Sub-tree matching: The overall AST structure is compared using sub-string matching to determine whether the generated call is functionally equivalent to the expected answer.

This approach offers a significant advantage in scalability. Because it does not require running the actual functions, BFCL can evaluate function calls across thousands of distinct APIs and multiple programming languages without any infrastructure for executing those functions.

Executable Evaluation

Alongside AST evaluation, BFCL includes an executable evaluation track where function calls are actually executed against real endpoints or locally defined functions. In this track, manually written Python functions inspired by free REST API endpoints compute results directly, and the outputs are compared against expected values.

The BFCL authors have shown that AST-based evaluation and executable evaluation produce strongly correlated results. This correlation validates the AST approach as a reliable proxy for execution-based testing, while being far more practical at scale.

Relevance and Irrelevance Detection

BFCL also evaluates a model's ability to determine when a function call should or should not be made. In irrelevance detection scenarios, the model is presented with function choices that are not relevant to the user's query. The correct behavior is to decline to invoke any function. In relevance detection scenarios, the model must correctly identify that at least one of the available functions is appropriate and proceed to call it.

What are the BFCL versions?

BFCL has progressed through four major versions, each expanding the scope and complexity of evaluation. The leaderboard summarizes the lineage as: V1 introduced AST as an evaluation metric, V2 introduced enterprise and OSS-contributed functions, V3 introduced multi-turn interactions, and V4 introduced holistic agentic evaluation.^[11]

Version	Release	Headline addition	Dataset scale
V1	February 2024	AST evaluation, single-turn categories	2,000 expert-curated pairs
V2 (Live)	August 2024	Live, user/enterprise-contributed data	2,251 entries from 64,517 raw queries
V3 (Multi-Turn)	September 2024	Multi-turn and multi-step, state-based scoring	1,000 multi-turn test cases
V4 (Agentic)	July 2025	Web search, memory, format sensitivity	100 multihop web-search questions plus memory and format tracks

BFCL V1: Expert-Curated Single-Turn Evaluation (February 2024)

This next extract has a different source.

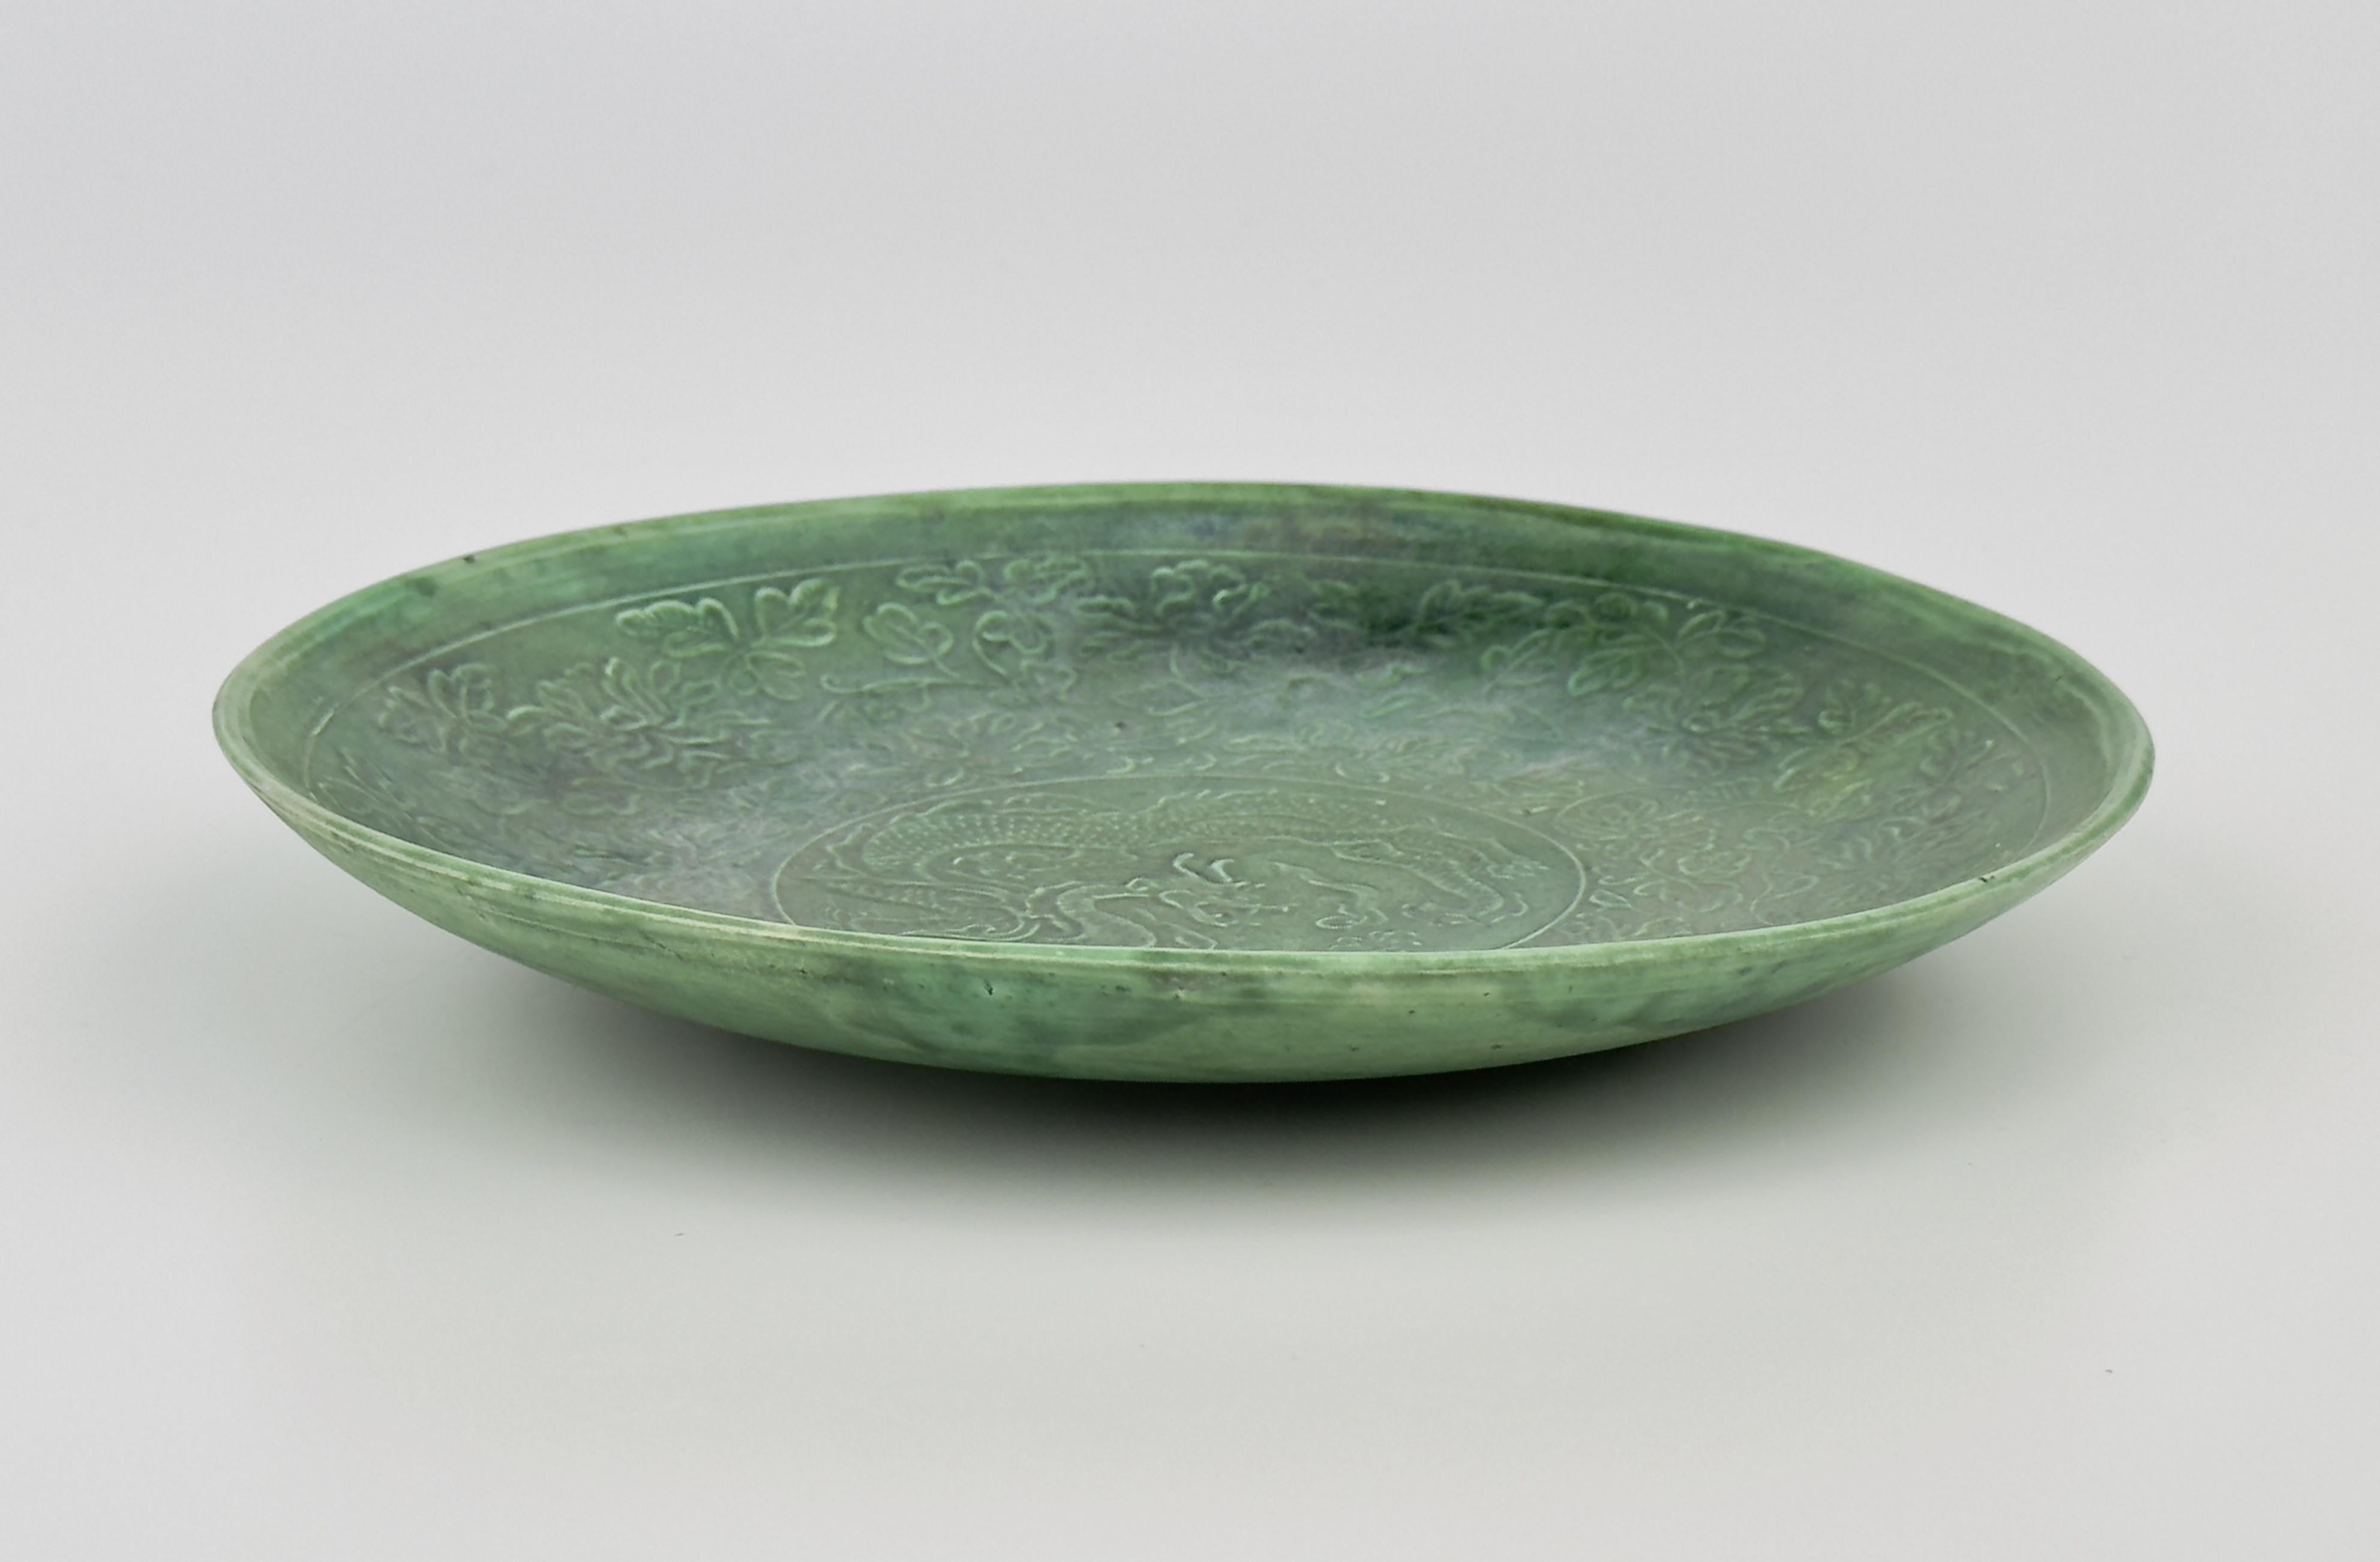 This green-glazed bowl was finely crafted with an attention to detail that highlights the skill of the Cizhou green and Ding ware potter. Its delicate form has been adorned with a dragon in the center. Surrounding the central dragon motif is a

The first version established the core benchmark with 2,000 question-function-answer pairs designed by domain experts. V1 focused exclusively on single-turn interactions where the model receives a query and a set of function definitions, then must produce the correct function call in a single response.^[3]

Test categories in V1 included:

Category	Description	Evaluation Method
Simple Function (Python)	Single function call with one available function	AST + Executable
Simple Function (Java)	Single function call in Java syntax	AST
Simple Function (JavaScript)	Single function call in JavaScript syntax	AST
Multiple Function	Choosing the correct function from several options	AST + Executable
Parallel Function	Invoking the same function multiple times with different parameters	AST + Executable
Parallel Multiple Function	Combining parallel and multiple function patterns	AST + Executable
REST API	Function calls targeting RESTful API endpoints	Executable
Relevance Detection	Determining if any function is relevant to the query	Relevance metric

Dataset composition by language:

Language	Number of Test Cases
Python	1,680
Java	100
JavaScript	50
REST API	70
SQL	100

The dataset covered 40 sub-domains including mathematics, finance, sports, and law. V1 found that proprietary models such as GPT-4 demonstrated superior performance in multiple and parallel function scenarios, while open-source models achieved comparable performance in simple function calling.^[3]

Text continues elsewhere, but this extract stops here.